Тишина
Шрифт:
— Пошли делать твой обед, — с тяжелым вздохом он принялся распихивать обратно, по карманам, всё то, что он вытащил в начале, в поисках орудия нападения, — всё сверххреново, подруга моя.
Я шла за ним, еле волоча ноги от усталости, а в мозгах, наверное, не было не единой мысли. Когда мы спустились в землянку, Риши уже был там. Он, ковыряясь в шкафу, собирал вещь-мешок.
— Аська ты вообще мышей не ловишь… — завёл он, из-за двери шкафа, но стоило ему взглянуть на меня, как он сразу же насторожился, — что случилось?
— Да ничего, — недовольно буркнул супруг, — учил её, вот…
Муж подошел к кухонному столу и принялся чистить картошку, которую я взялась мыть. Я удивлённо вскинула на него взор, но он этого не заметил.
— Судя по вашим лицам всё отлично, — скептически заметил врач, бросив своё занятие и
— Как резать? — обратился ко мне Герман, я показала фалангу указательного пальца, он кивнул и принялся крошить почищенные клубни, — понимаешь, друг, она не сможет отбиться от стада зайцев, если они решаться её атаковать. Да, чёрт! — муж с размаху, с грохотом, положил нож на стол, я скосила глаза, потому что мне показалось, будто доска, на которой он кромсал клубень, раскололась, — даже если они так и не решаться нападать, она с ними не справится!
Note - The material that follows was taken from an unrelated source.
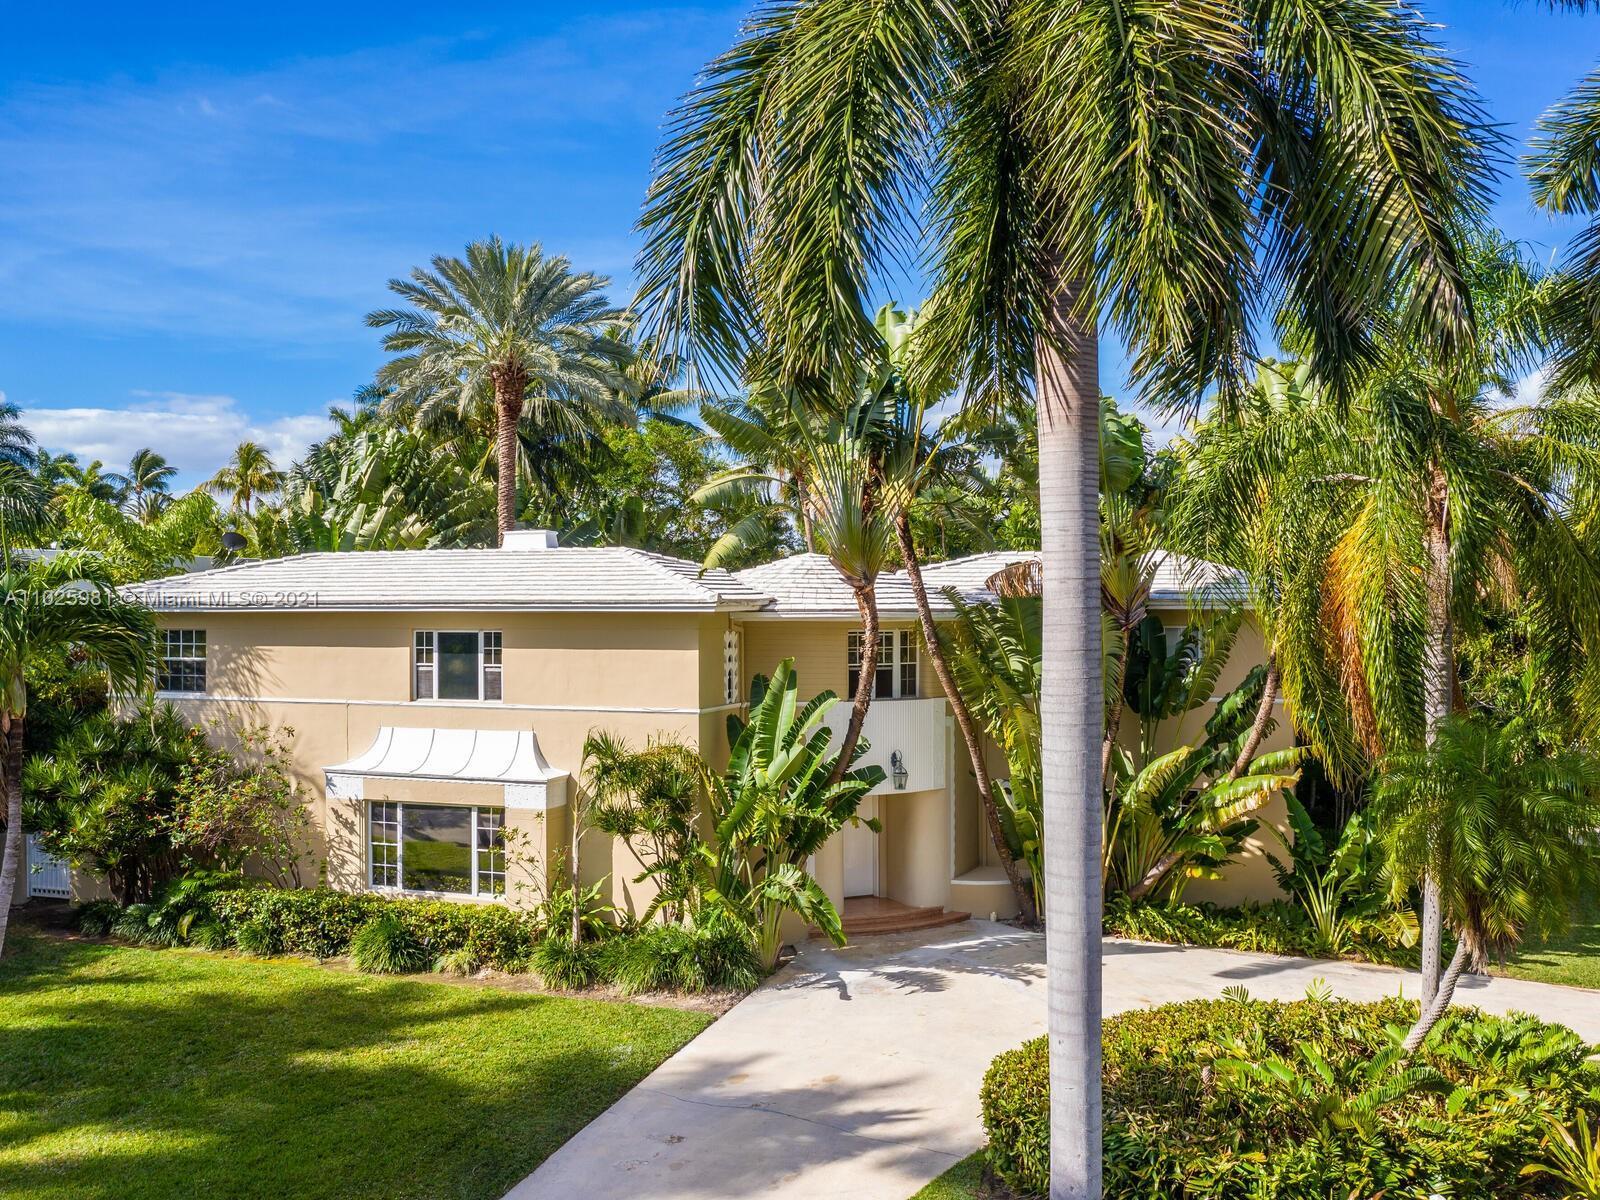 Sunset Islands - 2560 Sunset Dr, Miami Beach, FL 33140

Вот это уже было враньё! Я схватила блокнот и, капая мокрыми пальцами на лист написала:
— Ага! Он большой и сильный дядя, а я никчёмная трухлявая гнилушка не способная шевельнуться! Ну, вот один вопрос, как я сюда добралась?
Риши ухмыльнулся, прочитав записку, а супруг вырвал её у друга и пробежался по ней взглядом. Его скулы побелели, а глаза метали молнии.
— Послушай, — он говорил тихо, но от злобы, слышавшейся в голосе, у меня аж заложило уши, — я, конечно, безмерно виноват, что не взял тебя сразу с собой. Но позволь напомнить, чем закончилось твоё путешествие? Вы оказались в Лагере и сами оттуда, уже, выбраться не могли. Имей ты хоть какие-то навыки выживания, возможно туда бы вы не попали.
Это уже был нечестный выпад, я от удивления открывала и закрывала рот, словно рыба.
— Я не уловила сути про Лагерь, объясни, пожалуйста, ещё раз, — когда писала, я чувствовала, как у меня заходили желваки.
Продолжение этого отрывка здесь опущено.